I have made maybe two dozen bows from this wood. I'm not sure exactly if the species are exactly the same, but you are talking about an elm with small leaves that are not too stiff, and lots of heartwood, right? It smells funny when you cut it, often has that goopy brown discharge from injuries or cut branches, and very slippery inner bark (take a piece of white inner bark and chew it a second, and it will swell, taste sweet, and get all slippery like okra).
Is fine, but admittedly not as good as most of the other elms. The wood is kinda soft, but it is not actually brittle. It's shreddy as heck, stringy, kind of soft in compression, hard to work without splits and tear-out, but can totally make a bow.

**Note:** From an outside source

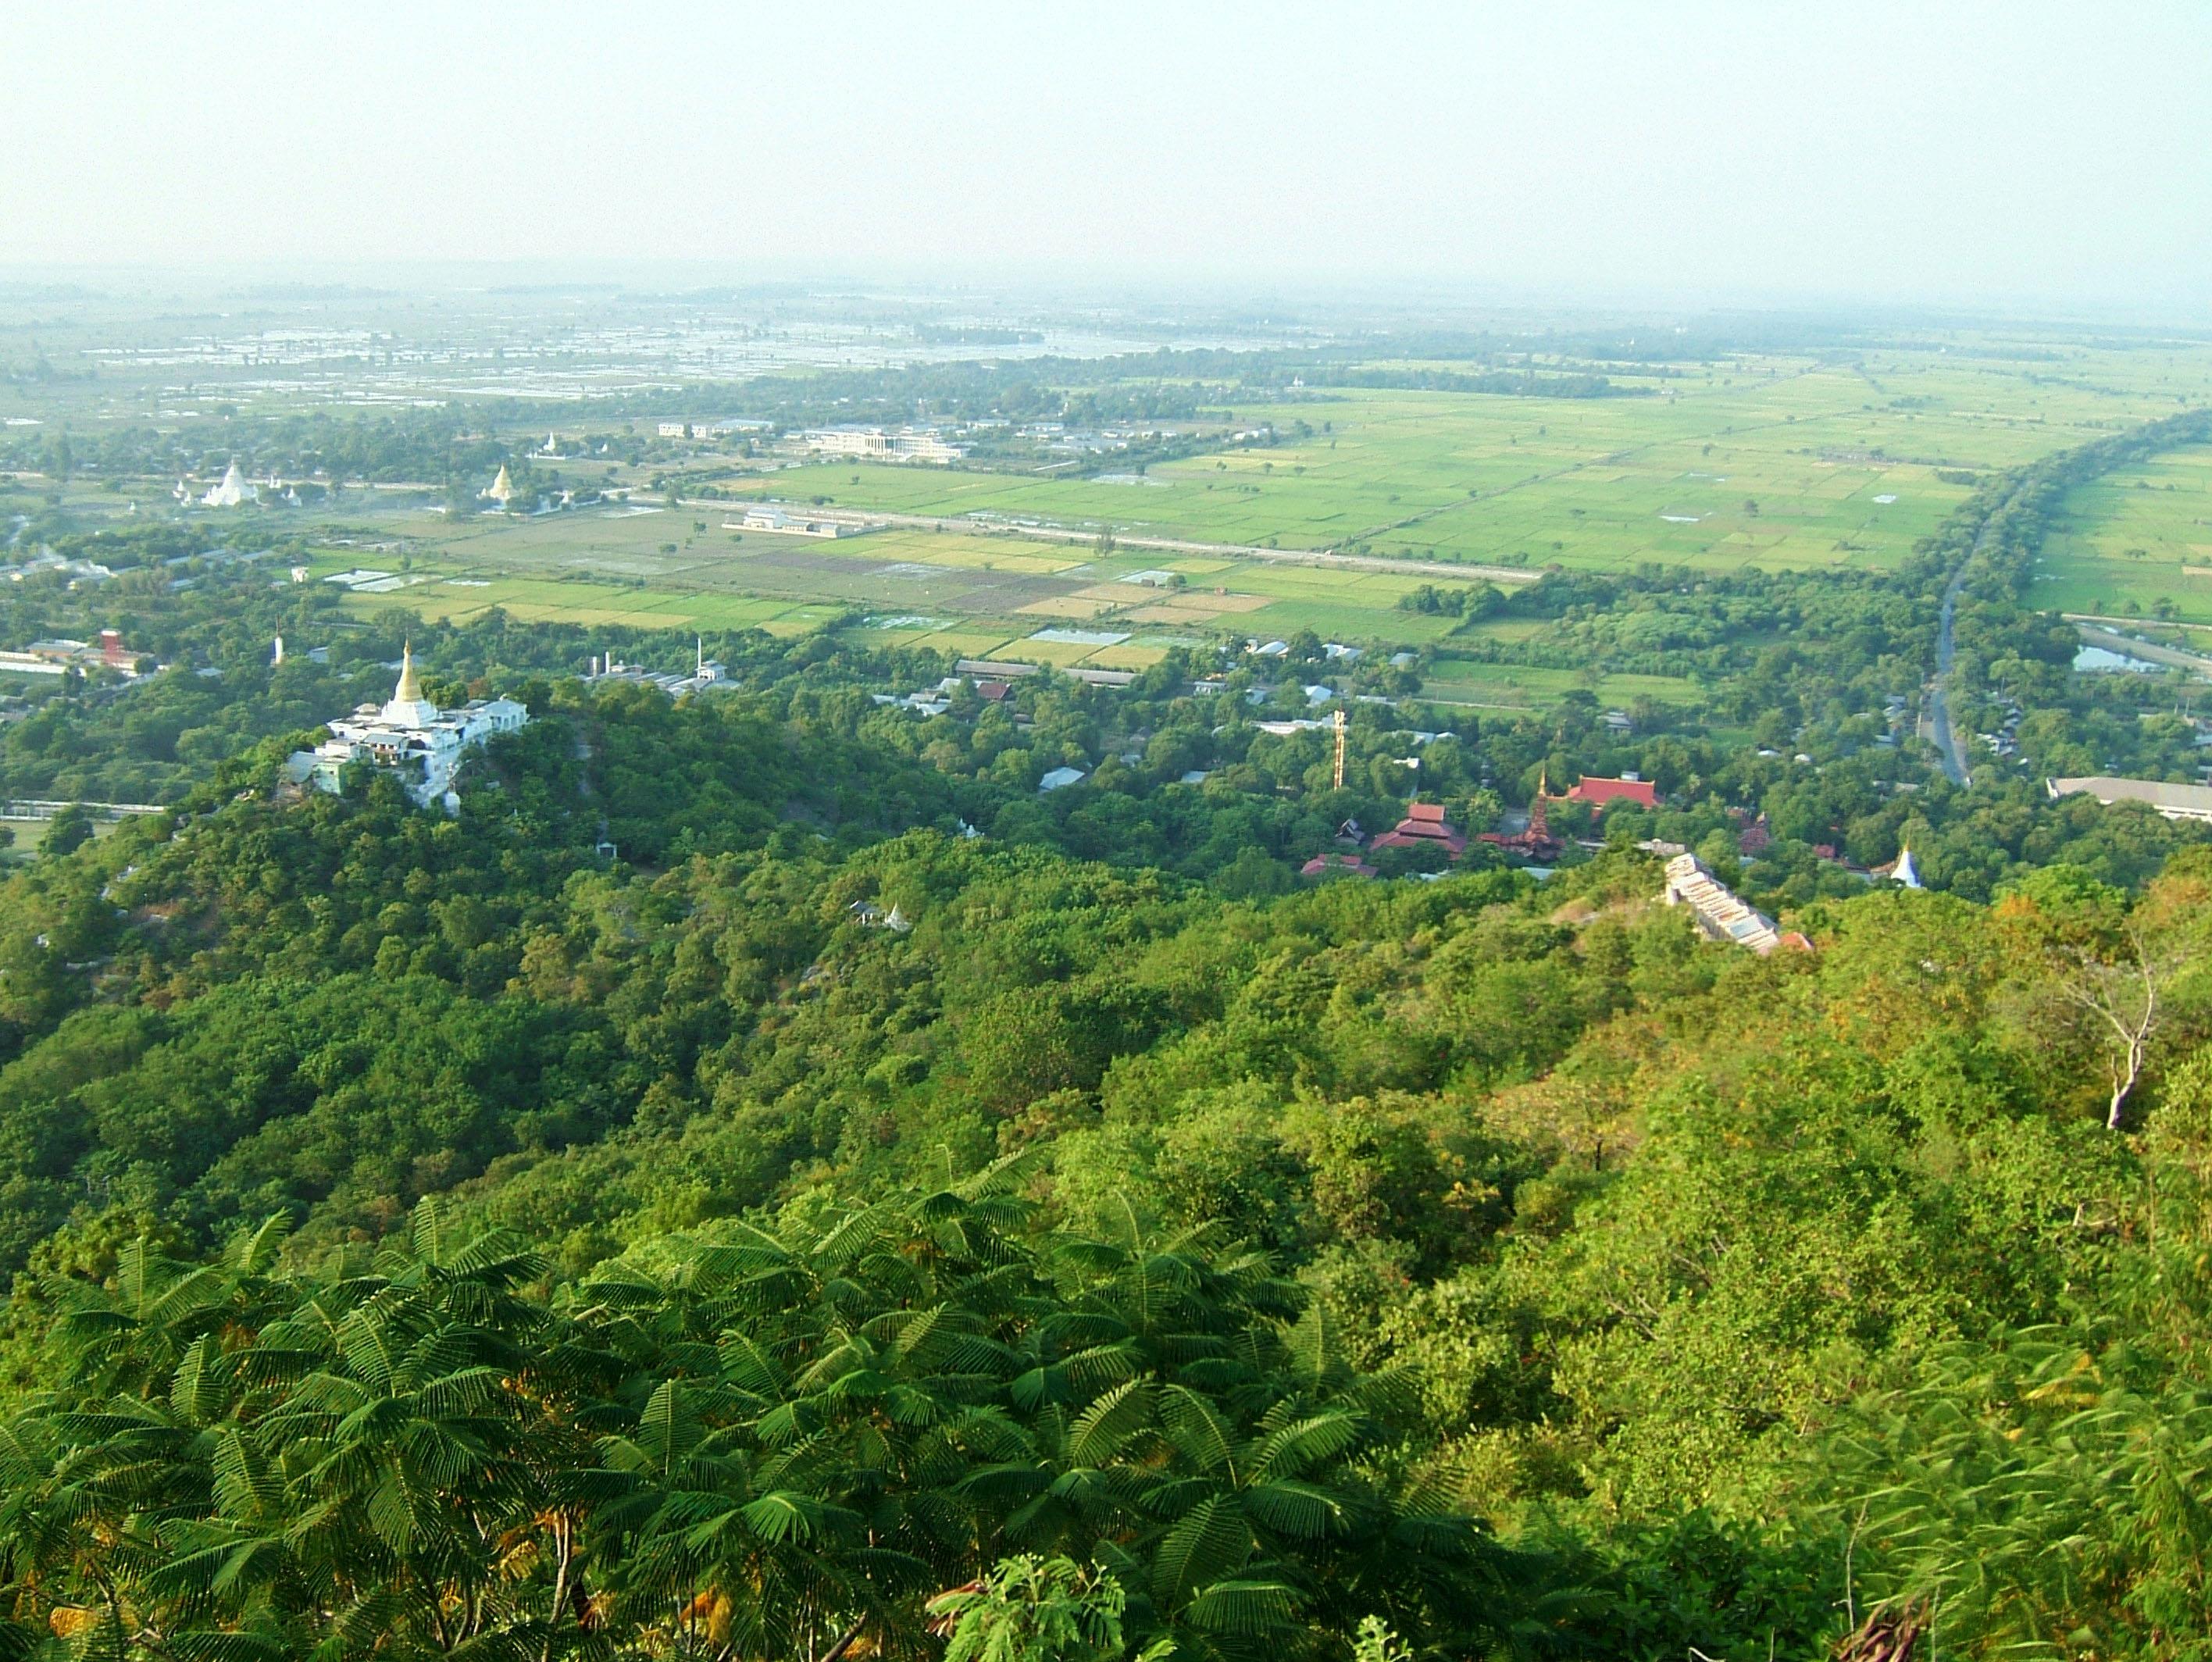 Mandalay Hill Sutaungpyei Pagoda panoramic views Dec 2000 23

I look for it in vacant lots, larger forests, riverbottoms, etc.. where it often grows in little thickets, or against buildings. The street department in my city comes along every few years and cuts it down to the stump where it grow in fences, etc.. and usable staves grow out from those in just a couple years. I love a 4" dia sapling grown in a crowd of other saplings, with only tiny pin knots and no weird kinks in it.
It's good for crowned back flatbows and semi recurves, and mollies, but it will take more set or need more width than other elms. I've never had one break unless bugs got in it, and BTW, bugs and fungus LOVE this stuff. So rough out the bow and quick dry it, restrained because it will warp every direction otherwise. Even then, make the bow as soon as it is dry, because bugs still want it if they can get it. Peel the bark early or it's a hassle.